IS-Kämpfer haben offenbar mindestens drei Stadtteile eingenommen
Zuvor hatten IS-Kämpfer laut syrischen und kurdischen Aktivisten mindestens drei östliche Stadtteile von Kobane eingenommen. Sollten die Dschihadisten die ganze Stadt erobern, hätten sie einen langen, durchgängigen Grenzstreifen zum Nato-Land Türkei unter Kontrolle. Die im syrischen Bürgerkrieg stark gewordene Terrormiliz beherrscht bereits weite Landstriche in Syrien und im Irak.
Das türkische Parlament hatte der Regierung in Ankara am Donnerstag das Mandat erteilt, militärisch gegen Terrorgruppen in Syrien und im Irak vorzugehen. Das richtet sich nicht ausdrücklich gegen den IS, sondern auch gegen kurdische Gruppen wie die PKK, die von der Türkei als terroristisch eingestuft werden. Bislang griffen die an der Grenze stationierten türkischen Truppen nicht in die Kämpfe ein.
185.000 Menschen flohen in die Türkei
Der Organisator der Verteidigung von Kobane, Ismet Hassan, sagte der dpa, nur wenige Zivilisten seien in Kobane (arabisch: Ain al-Arab) geblieben. Die Kurden hätten mehrere Geländewagen mit aufmontierten Maschinengewehren erbeutet. Nach Angaben der syrischen Menschenrechtsbeobachter wurden seit Beginn der IS-Offensive vor drei Wochen mehr als 400 Menschen getötet - zumeist Kämpfer beider Seiten.
Kobane ist die letzte Bastion in einer Enklave, die bisher von den kurdischen Volksschutzeinheiten kontrolliert wurde. IS-Dschihadisten haben dort seit September mehr als 300 Dörfer eingenommen, 185.000 Menschen flohen in die Türkei.
Der UN-Syrienvermittler Staffan de Mistura rief die Weltgemeinschaft zur Hilfe bei der Verteidigung Kobanes auf. "Wir alle werden es zutiefst bereuen, wenn der IS in der Lage ist, eine Stadt zu übernehmen, die sich selbst mit so viel Tapferkeit verteidigt hat, das aber bald nicht mehr kann. Wir müssen jetzt handeln", sagte de Mistura laut Mitteilung der Vereinten Nationen in Genf.

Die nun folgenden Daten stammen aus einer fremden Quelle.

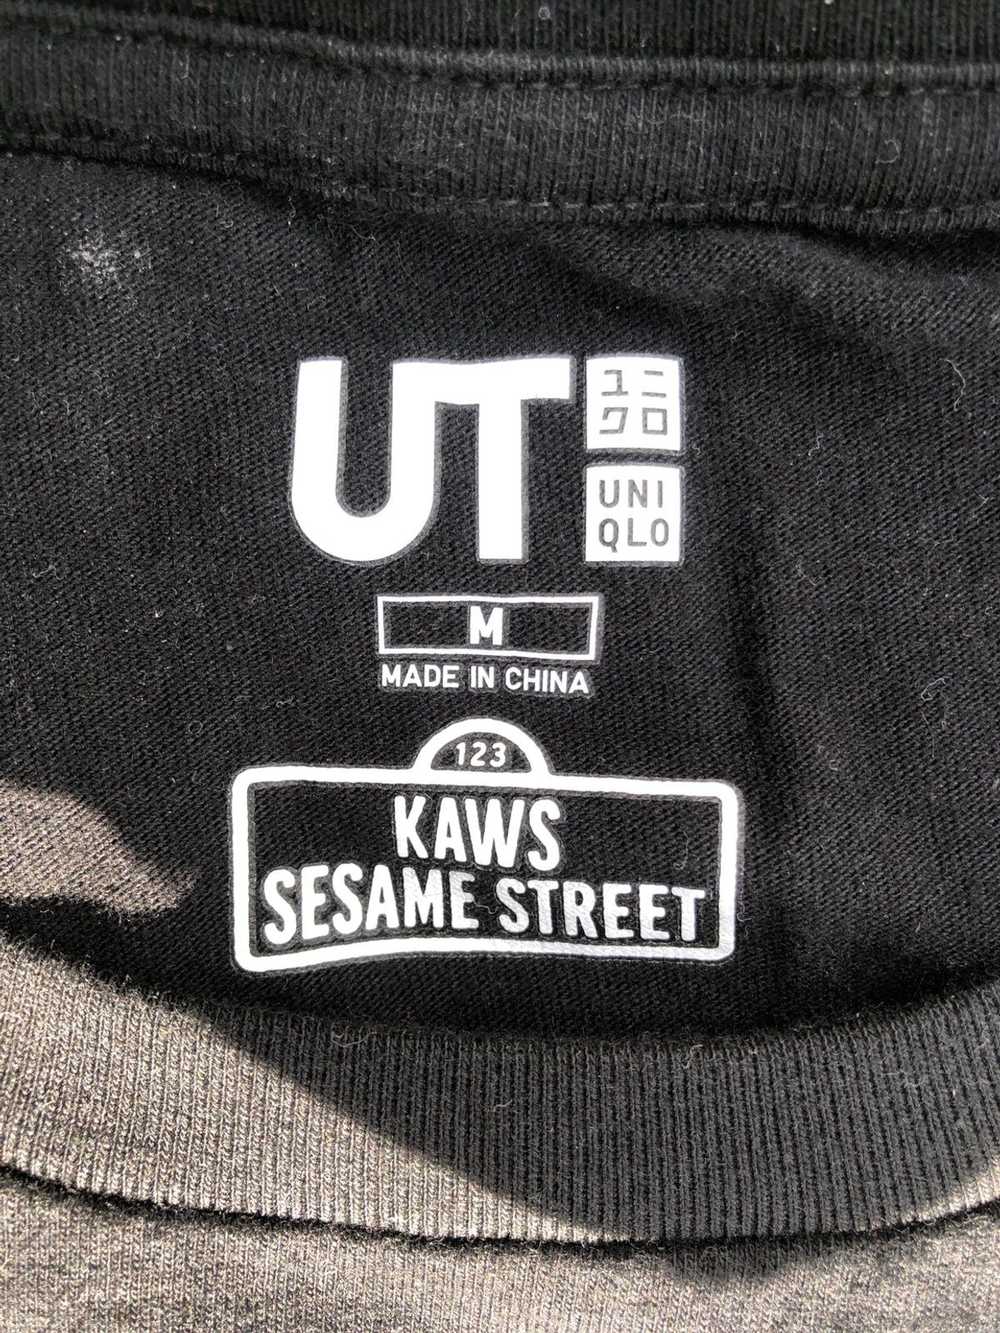 Kaws Kaws x Sesame Street collab - image 2

Tausende demonstrierten in Europa
Derweil wurden ein Franziskaner-Pater und mehrere Christen einer Gemeinde in Syrien von der radikal-islamischen Al-Nusra-Front entführt. Die Kustodie Heiliges Land berichtete am Dienstag auf ihrer Website, die Al-Kaida-nahen Kämpfer hätten Pater Hanna Dschalluf und die anderen Männer am Sonntag aus der Ortschaft Kunaja verschleppt. Nonnen aus dem Ordenshaus hätten bei Dorfbewohnern Schutz gesucht.

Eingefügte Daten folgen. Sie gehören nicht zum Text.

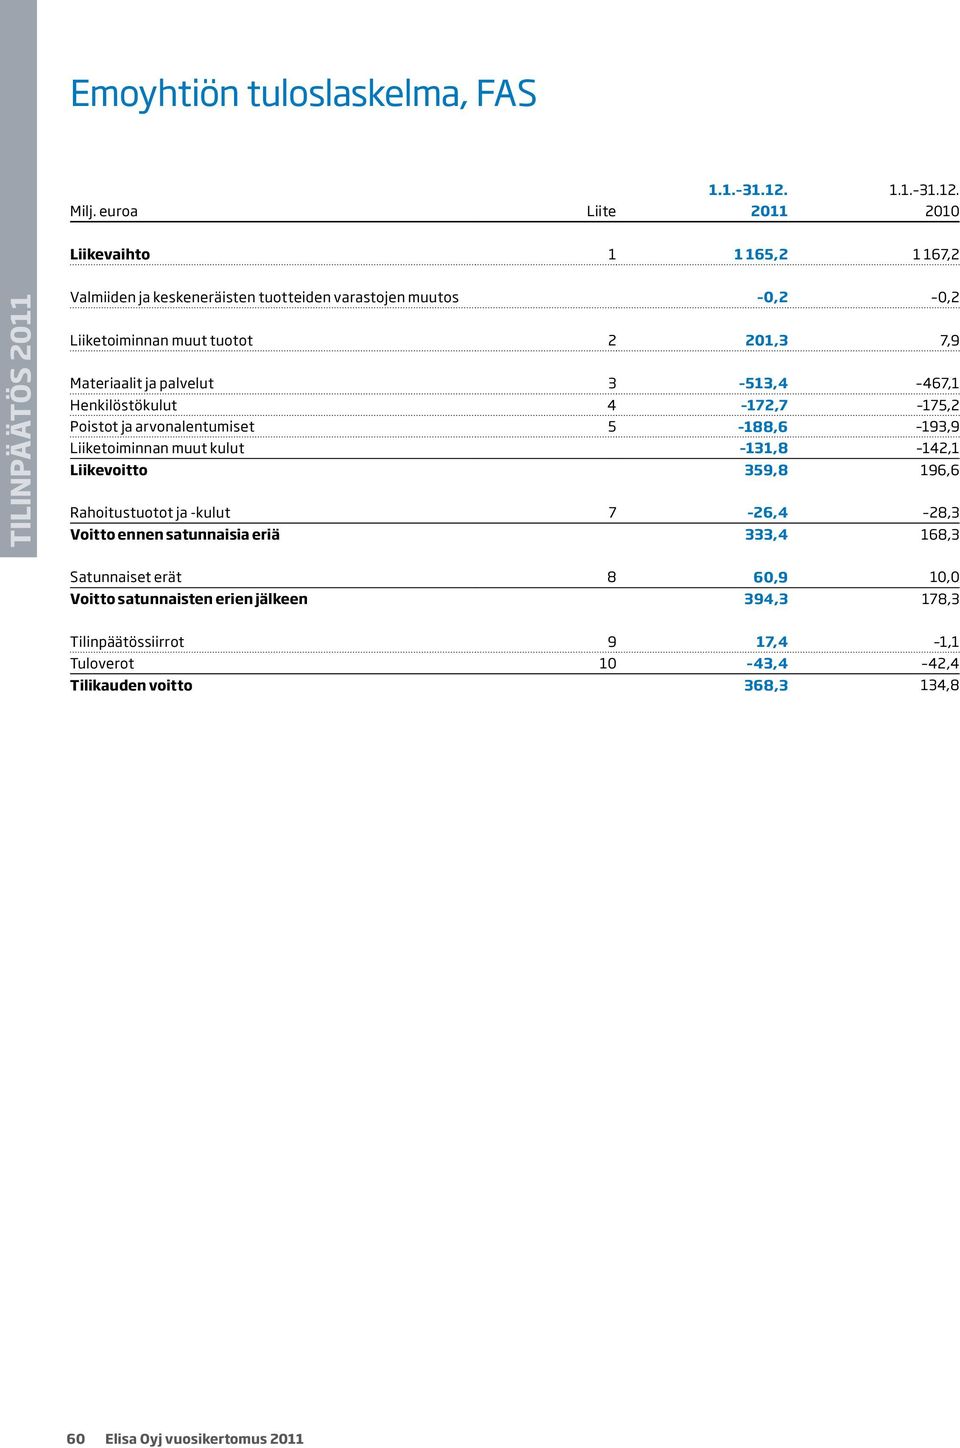 Liite 2011 2010 Liikevaihto 1 1 165,2 1 167,2 Valmiiden ja keskeneräisten tuotteiden varastojen muutos 0,2 0,2 Liiketoiminnan muut tuotot 2 201,3 7,9

Angesichts der verzweifelten Lage in Kobane gingen in Europa Tausende Menschen auf die Straßen. In einigen Städten verschafften sich kurdische Demonstranten und ihre Unterstützer Zutritt zu öffentlichen Gebäuden wie Funkhäusern oder Parlamenten. Protestaktionen gab es unter anderem in Den Haag, Brüssel, Paris, Straßburg, Basel und Wien sowie in Berlin, Hamburg, Bremen, Hannover, Düsseldorf, Dortmund, Münster, Frankfurt/Main und Stuttgart. Manche Protestierer trugen Fahnen linksextremistischer Organisationen und Bilder des in der Türkei inhaftierten früheren PKK-Chefs Abdullah Öcalan.
Im Irak bombardierten erstmals niederländische Kampfflugzeuge IS-Fahrzeuge, wie das Verteidigungsministerium in Den Haag mitteilte. Die Niederlande beteiligen sich mit sechs Kampfflugzeugen am Luftkrieg der USA gegen die Sunnitenmiliz, allerdings nicht in Syrien, sondern nur im Irak.